Иван Бунин
Новый год (рассказ)
Послушай, скачала жена, — мне жутко.
Была лунная зимняя полночь, мы ночевали на хуторе в Тамбовской губернии, по пути в Петербург с юга, и спали в детской, единственной теплой комнате во всем доме. Открыв глаза, я увидал легкий сумрак, наполненный голубоватым светом, пол, покрытий попонами, и белую лежанку. Над квадратным окном, в которое виднелся светлый снежный двор, торчала щетина соломенной крыши, серебрившаяся инеем. Было так тихо, как может быть только в поле в зимние ночи.
— Ты спишь, — сказала жена недовольно, — а я задремала давеча в возке и теперь не могу…
Она полулежала на большой старинной кровати у противоположной стены. Когда я подошел к ней, она заговорили веселым шепотом:
— Слушай, ты не сердишься, что я разбудила тебя? Мне, правда, стало жутко немного и как-то очень хорошо. Я почувствовала, что мы с тобой, совсем одни тут, и на меня напал чисто детский страх…
Она подняла голову и прислушалась.
— Слышишь, как тихо? — спросила она чуть слышно. Мысленно я далеко оглянул снежные поля вокруг нас, — всюду было мертвое молчание русской зимней ночи, среди которой таинственно приближался Новый год… Так давно не ночевал я в деревне, и так давно не говорили мы с женой мирно! Я несколько раз поцеловал ее в глазa и волосы с той спокойной любовью, которая бывает только в редкие минуты, и она внезапно ответила мне порывистыми поцелуями влюбленной девушки. Потом долго прижимала мою руку к своей загоревшейся щеке.
— Как хорошо! — проговорила она со вздохом и убежденно. И, помолчав, прибавила: — Да, все-таки ты единственный близкий мне человек! Ты чувствуешь, что я люблю тебя?
Я пожал ее руку.
— Как это случилось? — спросила она, открывая глаза. — Выходила я не любя, живем мы с тобой дурно, ты говоришь, что из-за меня ты ведешь пошлое и тяжелое существование… И однако все чаще мы чувствуем, что мы нужны друг другу. Откуда это приходит и почему только в некоторые минуты? С Новым годом, Костя! — сказала она, стараясь улыбнуться, и несколько теплых слез упало на мою руку.
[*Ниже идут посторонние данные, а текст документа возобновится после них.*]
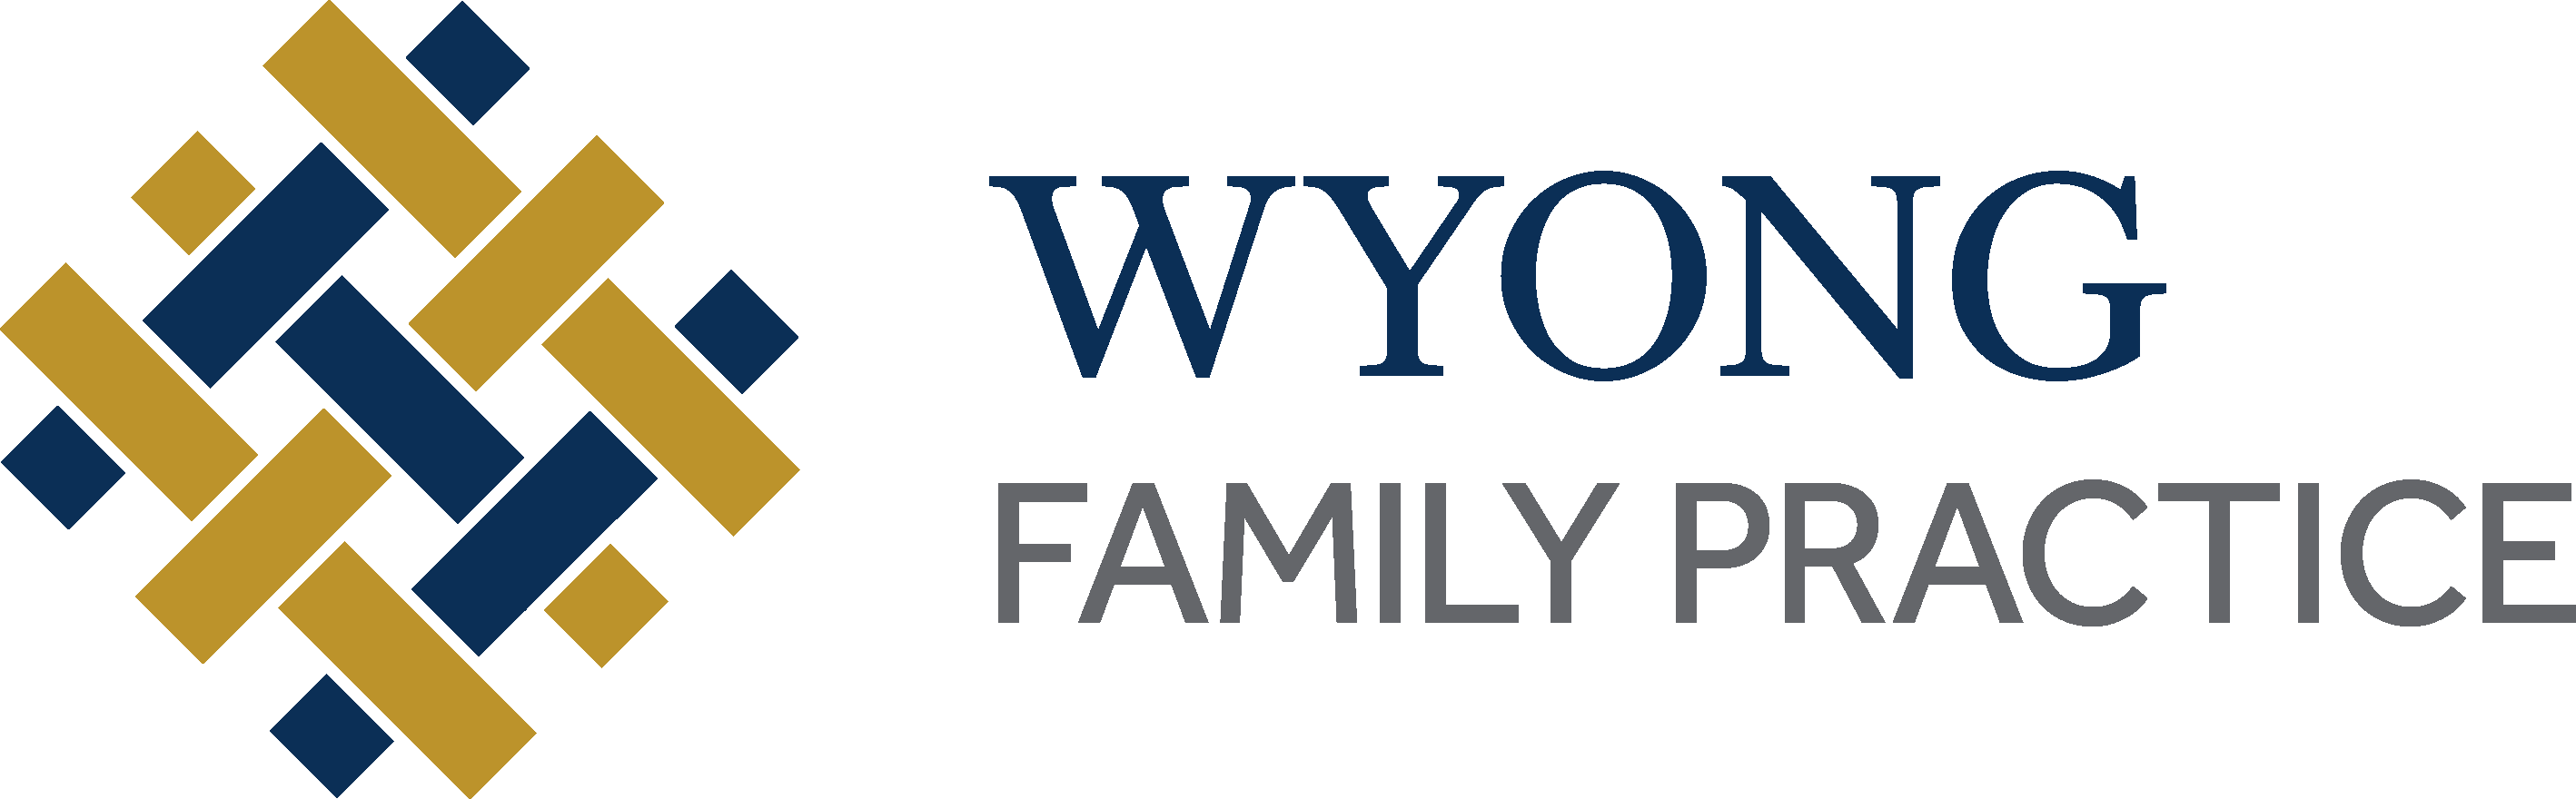 Wyong Family Practice

Положив голову на подушку, она заплакала, и, верно, слезы были приятны ей, потому что изредка она поднимала лицо, улыбалась сквозь слезы и целовала мою руку, стараясь продлить их нежностью. Я гладил ее волосы, давая понять, что я ценю и понимаю эти слезы. Я вспомнил прошлый Новый год, который мы, по обыкновению, встречали в Петербурге в кружке моих сослуживцев, хотел вспомнить позапрошлый — и не мог, и опять подумал то, что часто приходит мне в голову: годы сливаются в один, беспорядочный и однообразный, полный серых служебных дней, умственные и душевные способности слабеют, и все более неосуществимыми кажутся надежды иметь свой угол, поселиться где-нибудь в деревне или на юге, копаться с женой и детьми в виноградниках, ловить в море летом рыбу… Я вспомнил, как ровно год тому назад жена с притворной любезностью заботилась и хлопотала о каждом, кто, считаясь нашим другом, встречал с нами новогоднюю ночь, как она улыбалась некоторым из молодых гостей и предлагала загадочно-меланхолические тосты и как чужда и неприятна была мне она в тесной петербургской квартирке…
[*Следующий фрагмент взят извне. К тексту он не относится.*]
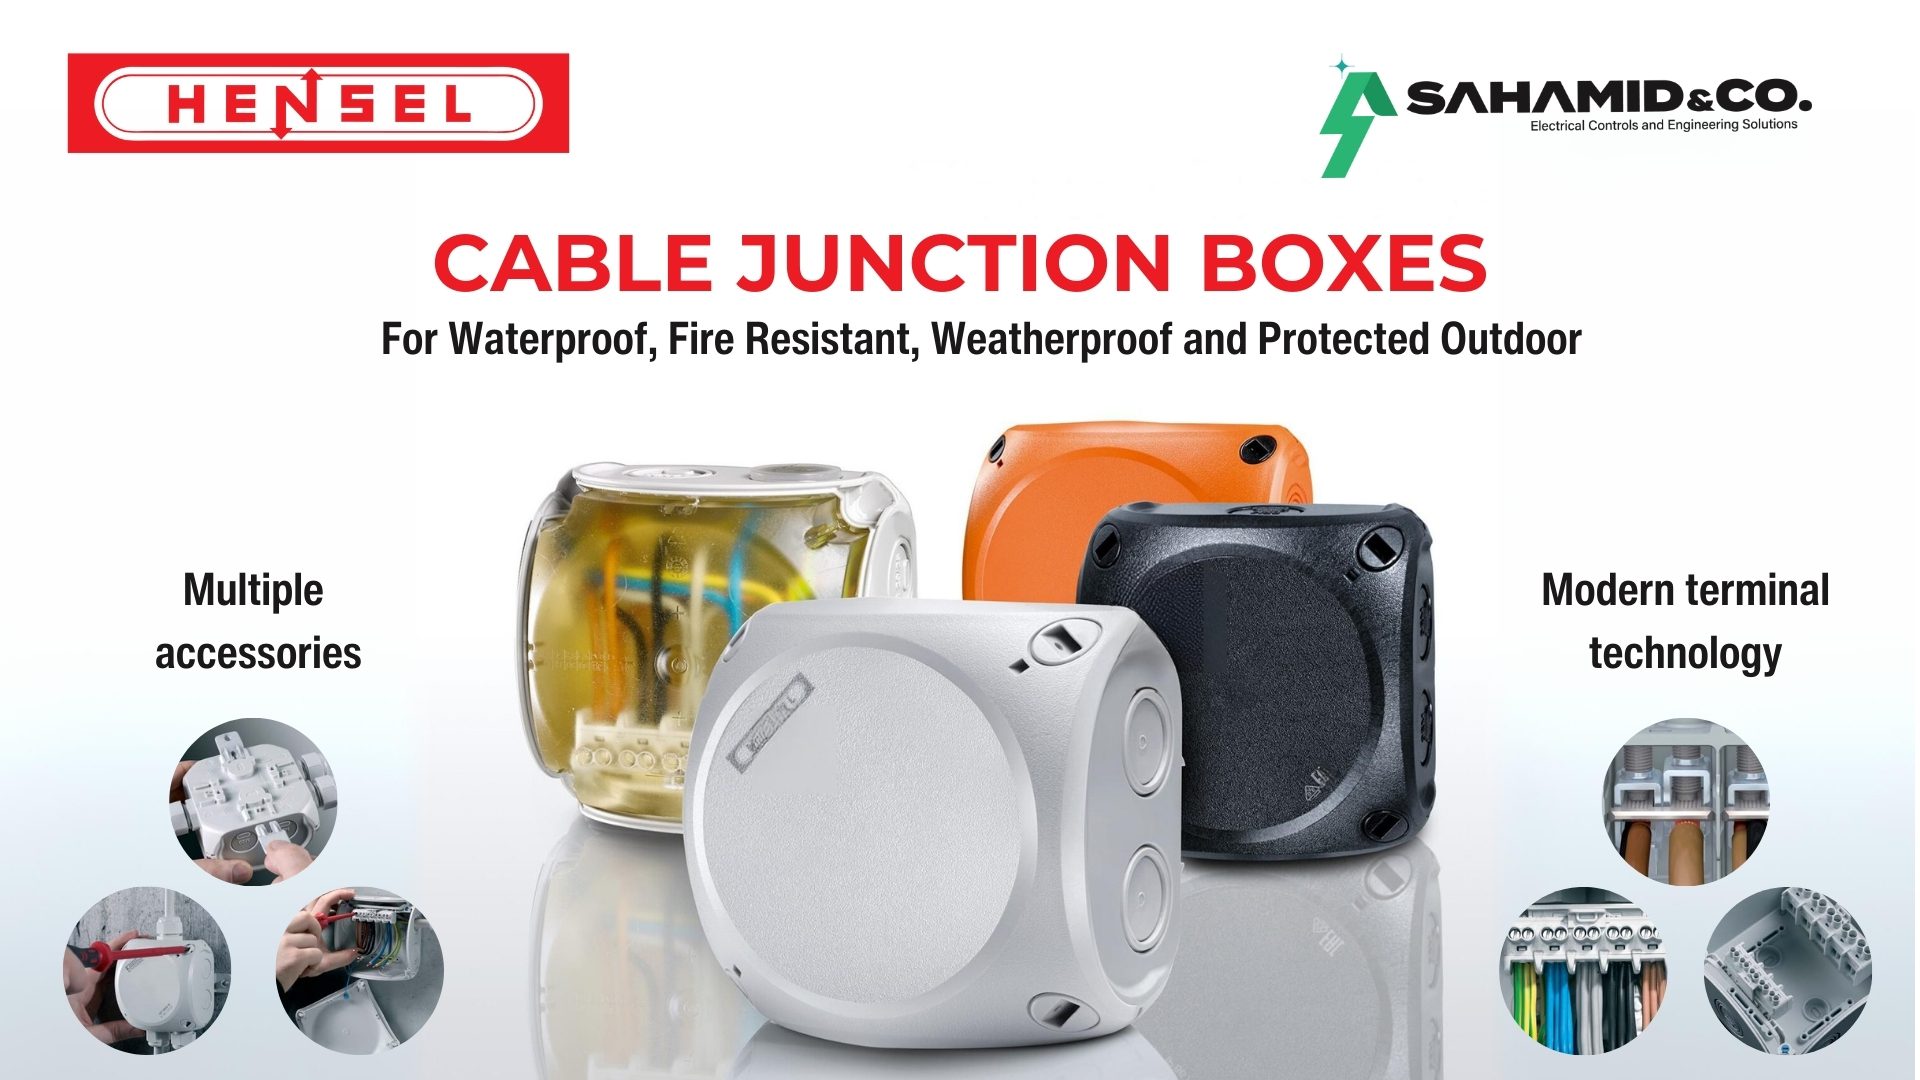 S. A. Hamid & Co. offers Hensel Junction Boxes in Pakistan

— Ну, полно, Оля! — сказал я.
— Дай мне платок, — тихо ответила она и по-детски, прерывисто вздохнула. — Я уже не плачу больше.
Лунный свет воздушно-серебристой полосою падал на лежанку и озарял ее странною, яркой бледностью. Все остальное было в сумраке, и в нем медленно плавал дым моей папиросы. И от попон на полу, от теплой, озаренной лежанки — ото всего веяло глухой деревенской жизнью, уютностью родного дома…
— Ты рада, что мы заехали сюда? — спросил я.
— Ужасно, Костя, рада, ужасно! — ответила жена с порывистой искренностью. — Я думала об этом, когда ты уснул. По-моему, — сказала она уже с улыбкой, — венчаться надо бы два раза. Серьезно, какое это счастье — стать под венец сознательно, поживши, пострадавши с человеком! И непременно жить дома, в своем углу, где-нибудь подальше ото всех… «Родиться, жить и умереть в родном доме» — как говорит Мопассан!
Она задумалась и опять положила голову на подушку.
— Это сказал Сент-Бёв, — поправил я.
— Все равно, Костя. Я, может быть, и глупая, как ты постоянно говоришь, но все-таки одна люблю тебя… Хочешь, пойдем гулять?
— Гулять? Куда?
— По двору. Я надену валенки, твой полушубочек… Разве ты уснешь сейчас?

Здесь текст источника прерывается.